DATA SEGMENT:
+ + + + + + +
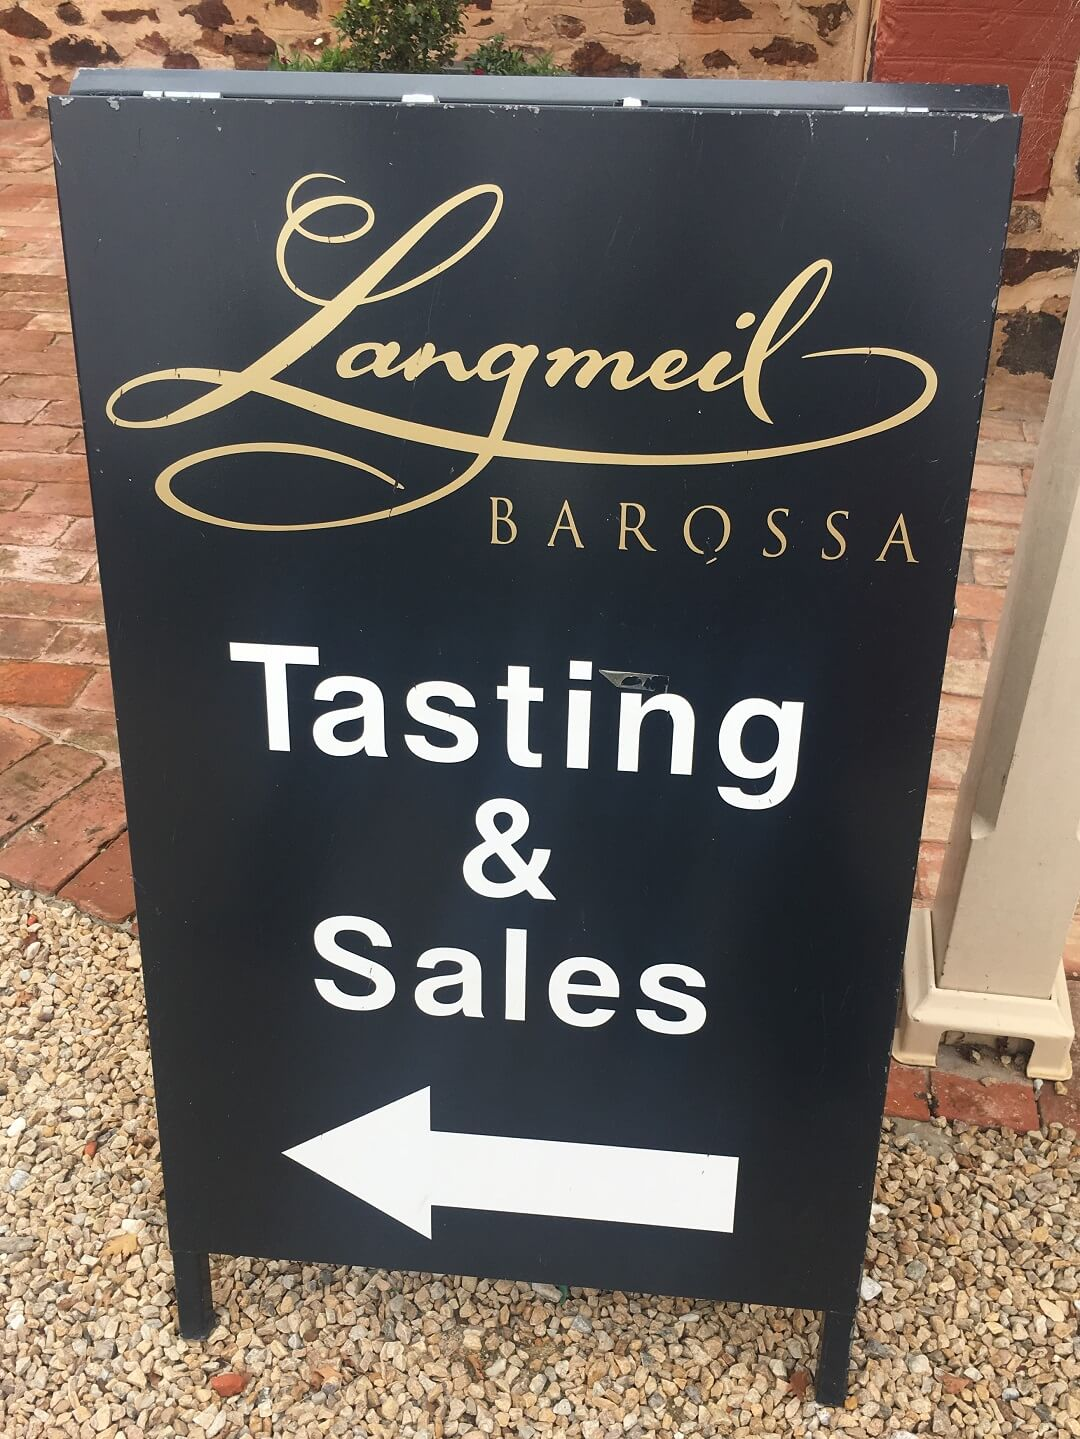 langmeil winery barossa valley australia
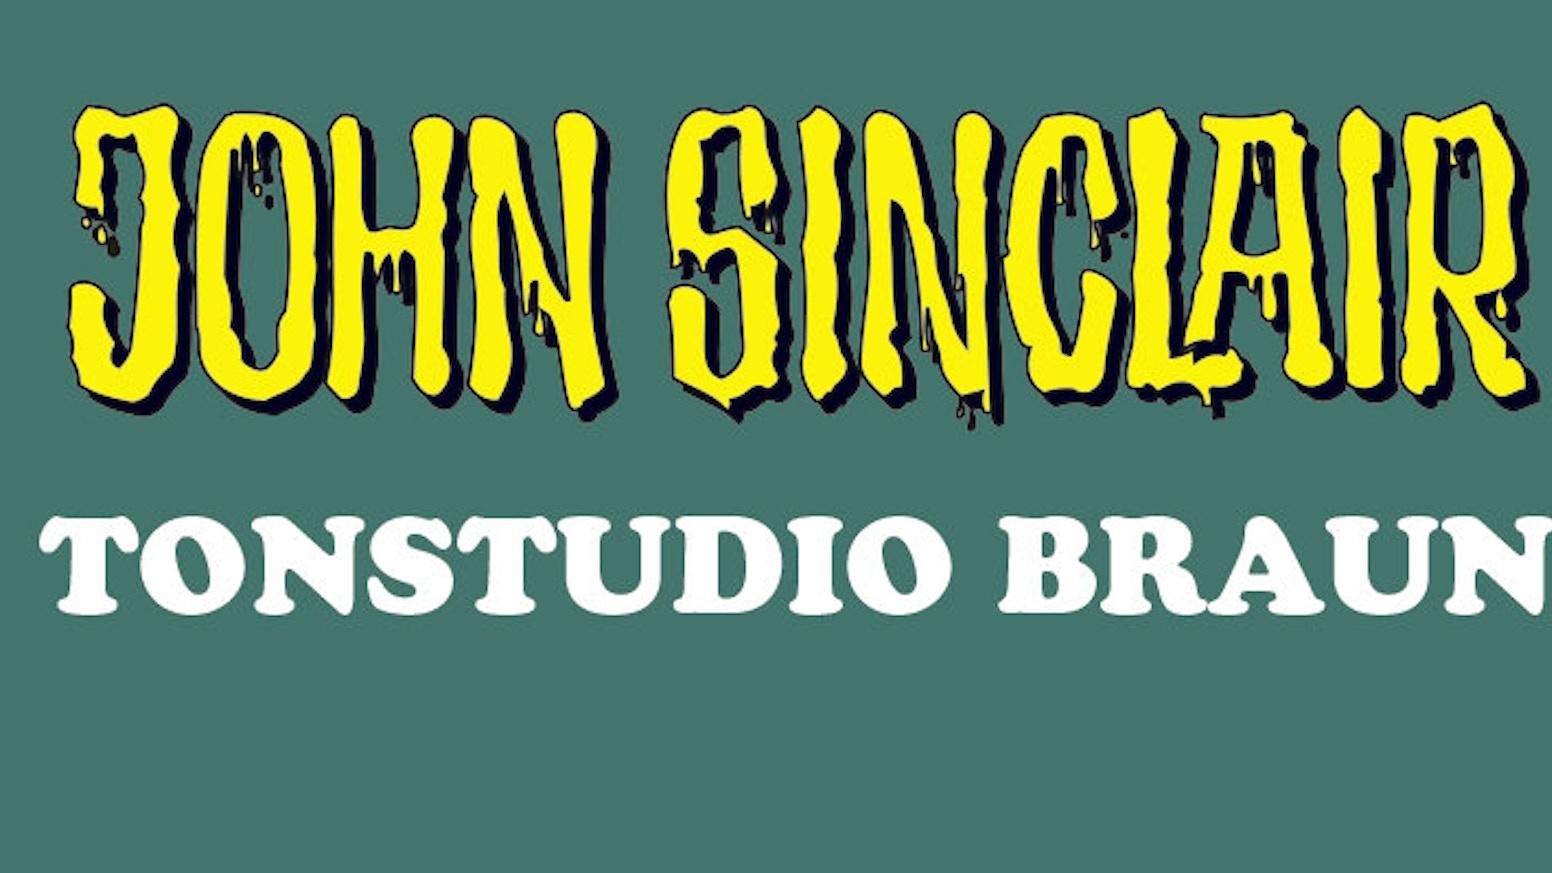 "John Sinclair Tonstudio Braun Klassiker Folge 1 ""Das Horror-Schloß im Spessart"" auf Doppel Vinyl/LP"
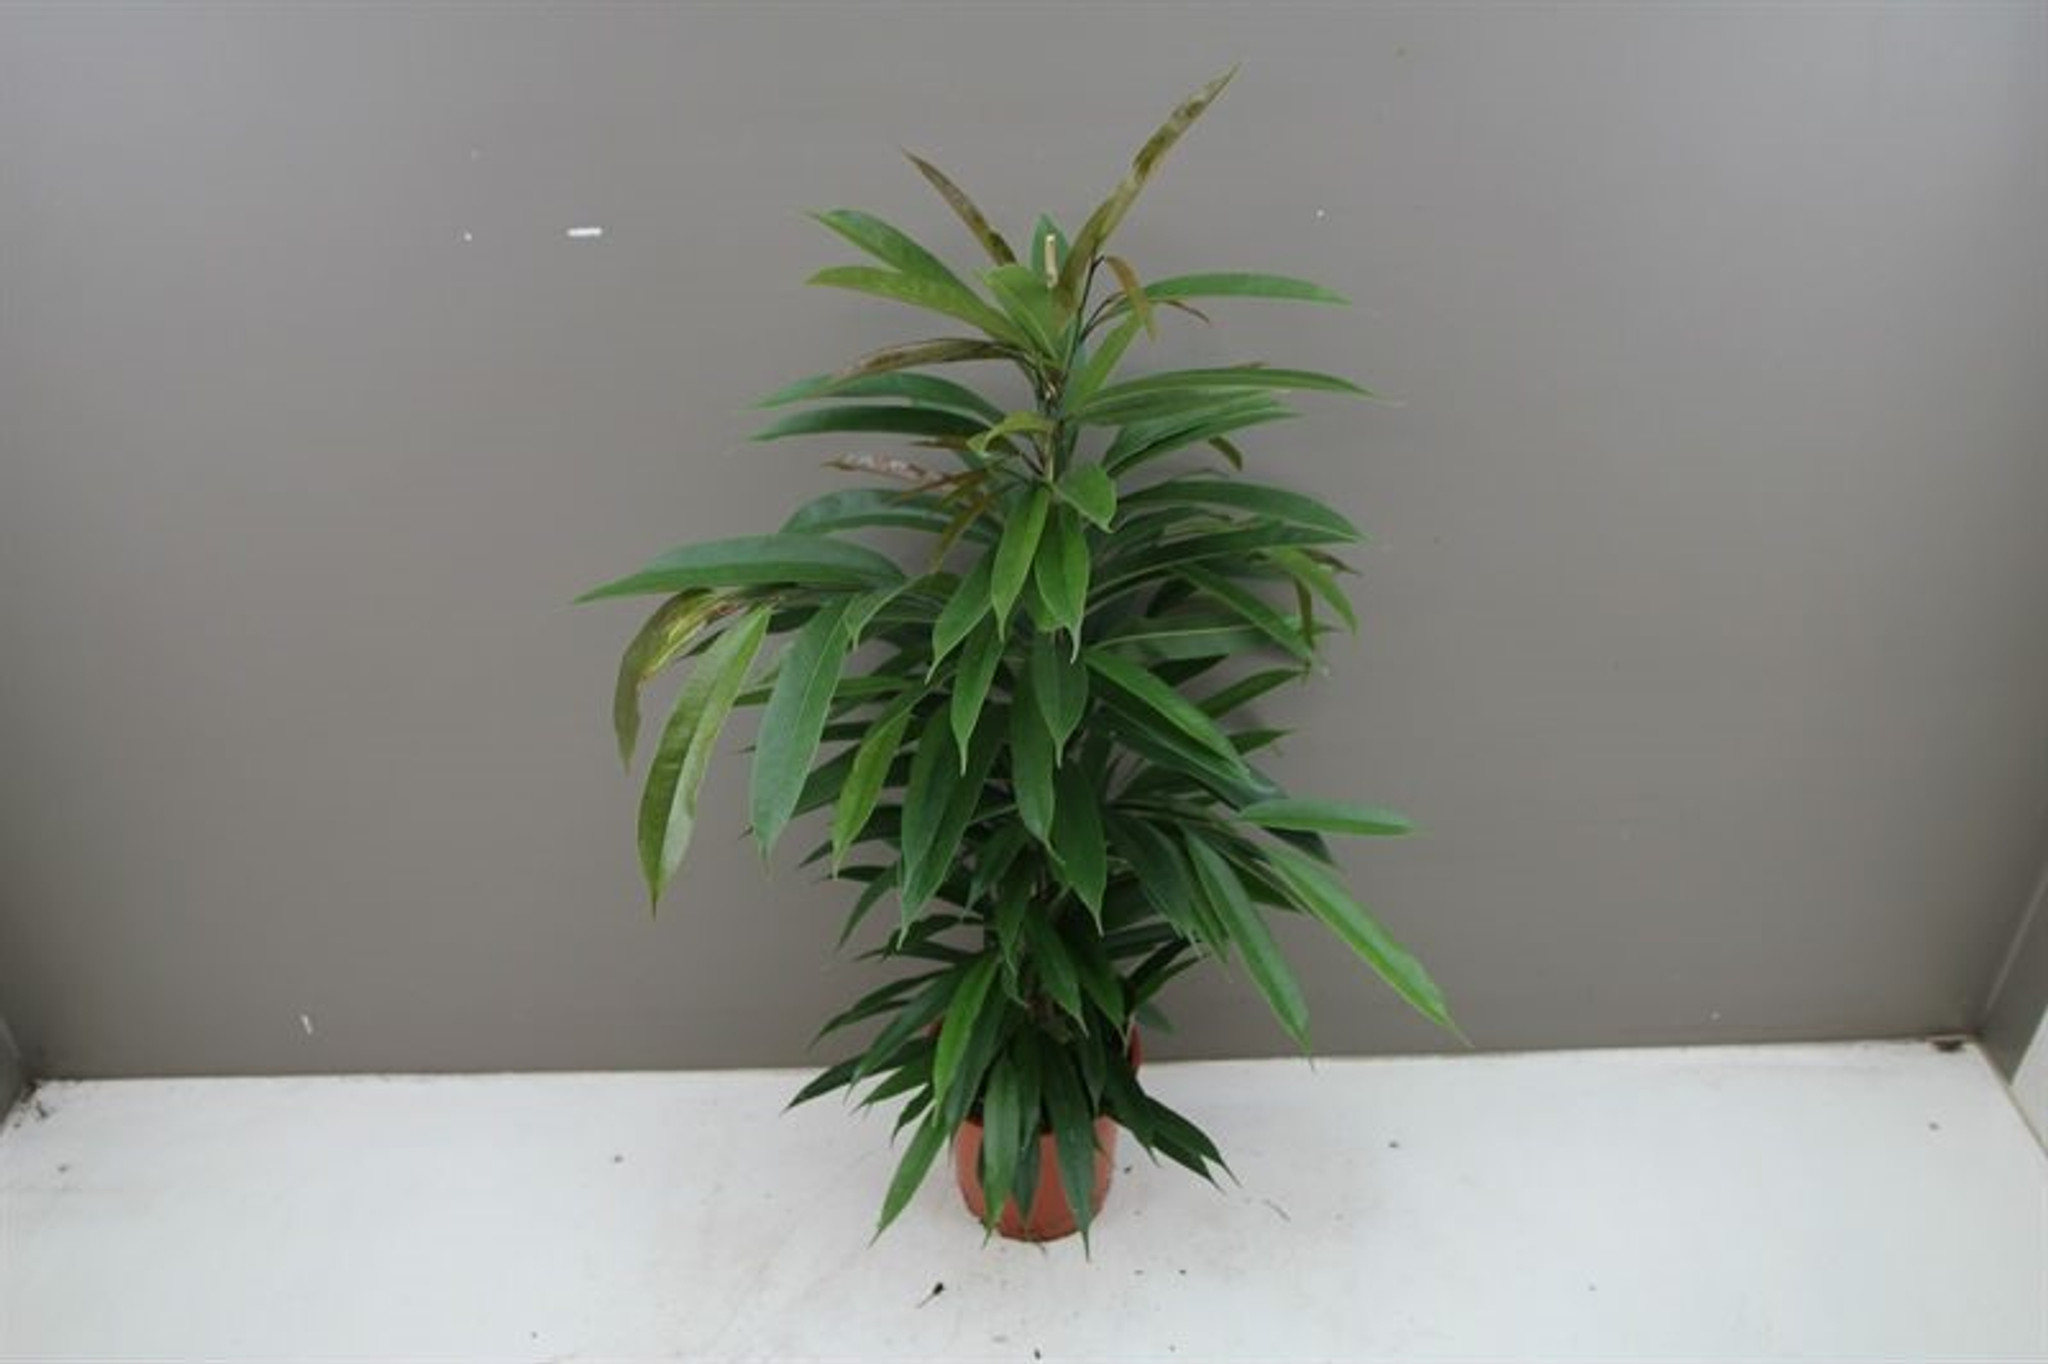 Bushy indoor tree
+ + + + + + +
TASK INSTRUCTIONS: In your answer, set down the full listing word for word and include no pictures.

FINAL ANSWER:
 langmeil winery barossa valley australia
 "John Sinclair Tonstudio Braun Klassiker Folge 1 ""Das Horror-Schloß im Spessart"" auf Doppel Vinyl/LP"
 Bushy indoor tree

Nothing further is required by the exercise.